The Biotech IPO Window: Party Like It’s 1999

 

 

1999 is back
Making a come back

According to Burrill & Company, July had the busiest week of biotech IPO activity ever, continuing a trend of heavy fundraising during 2013 so far:

In all, 29 life sciences companies raised a total of $5 billion on U.S. exchanges through the first seven  months of 2013. That compares to 11 companies raising $771 million during the same period a year ago. Even excluding the $2.6 billion IPO of Pfizer’s animal health spin-out Zoetis, the sector is seeing its most robust period for IPOs since 2000. A total of 24 life sciences companies are in registration in the United States with four companies added to the IPO queue in July.
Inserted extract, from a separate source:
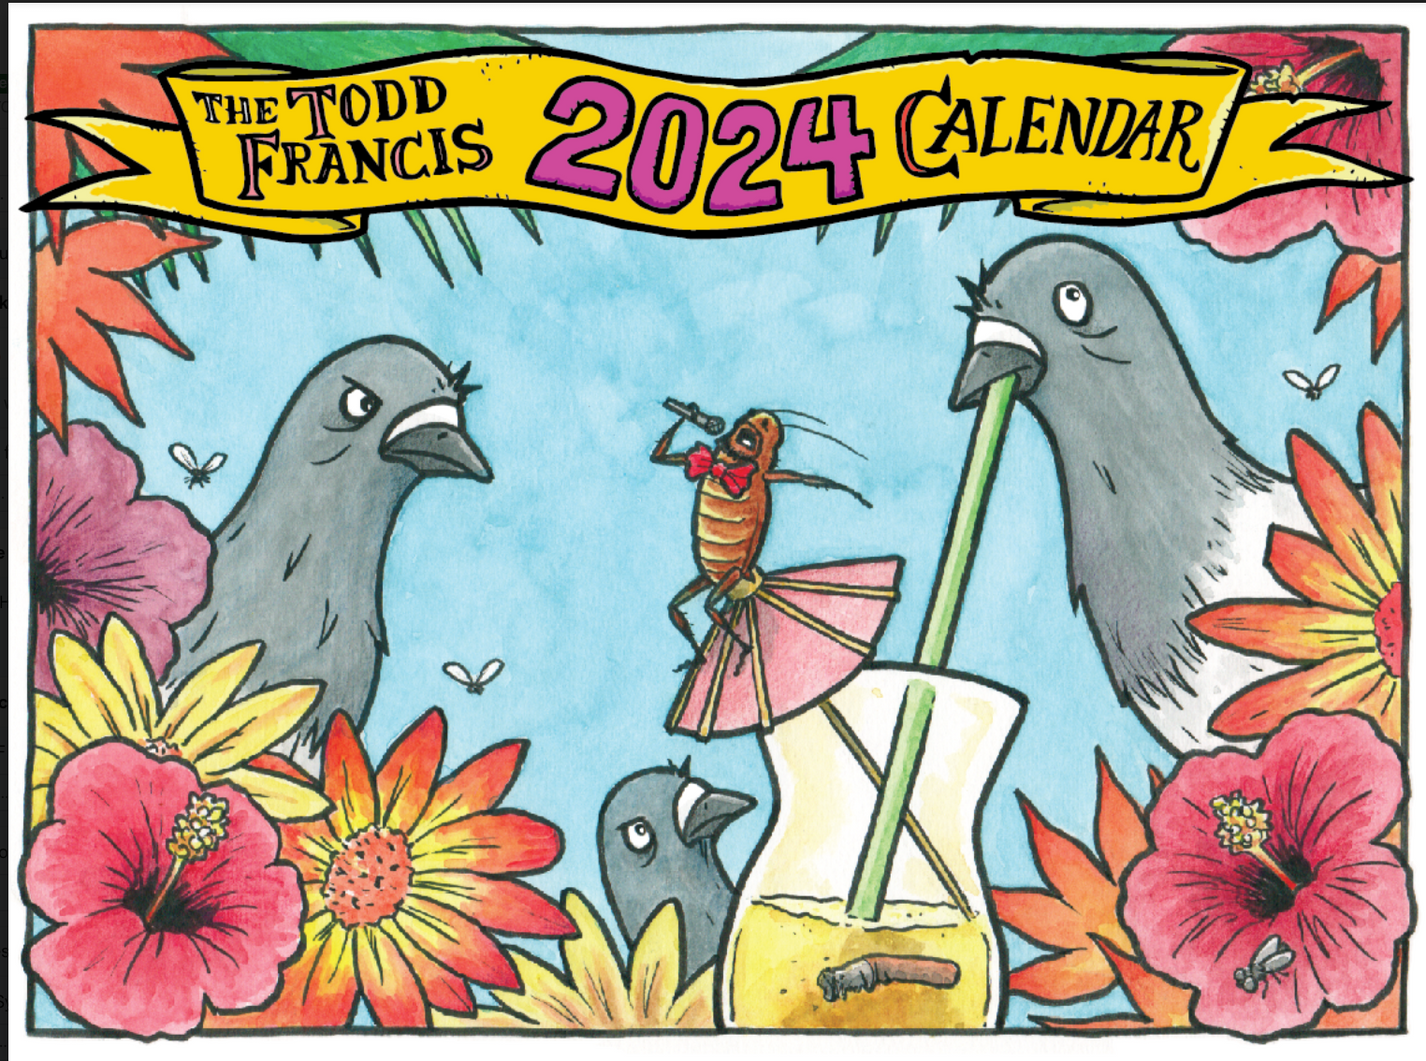 The Todd Francis 2024 Calendar - Apple Valley Emporium

Yet as DrugBaron points out, all is not well:

The trigger for many, if not all, of these companies to go public has not been new data, or any material change in the value of their assets, or indeed anything specific about the company at all.  Instead, it’s simply the opening of the window…Eventually – and if the current headlong dash to join the IPO queue is sustained, then soon – supply will exceed demand, and since the prices had little to do with the actual underlying enterprise value of the companies prices will drop precipitously. When that happens, and investors are burned, the binary switch in their brains will flip back to the ‘off’ position and the window will slam shut for a further indefinite period.

But, as Burrill points out (somewhat contradictorily):

Today, early-stage cancer and rare disease therapeutics companies are now finding a receptive environment, even when they are years away from having products or sales.

In other words, we are back to 1999 when genomics companies were raising bucketloads of cash based on limited Preclinical or very early Phase I data.

How did those companies fare?

As Luke Timmerman points out:

This IPO party won’t last long, probably no more than a few months. There are only so many good private companies worthy of graduating to the public markets. If the past is any indication (remember the genomics craze of 2000?), there will be a hangover when it ends. Quite a few investors, big and small, will lose money and lose interest.

As we learned in 1999 and beyond, it’s going to be a bumpy ride for many of these new investors. 

And, what does this say about companies who tried to raise capital in the public markets, but couldn’t?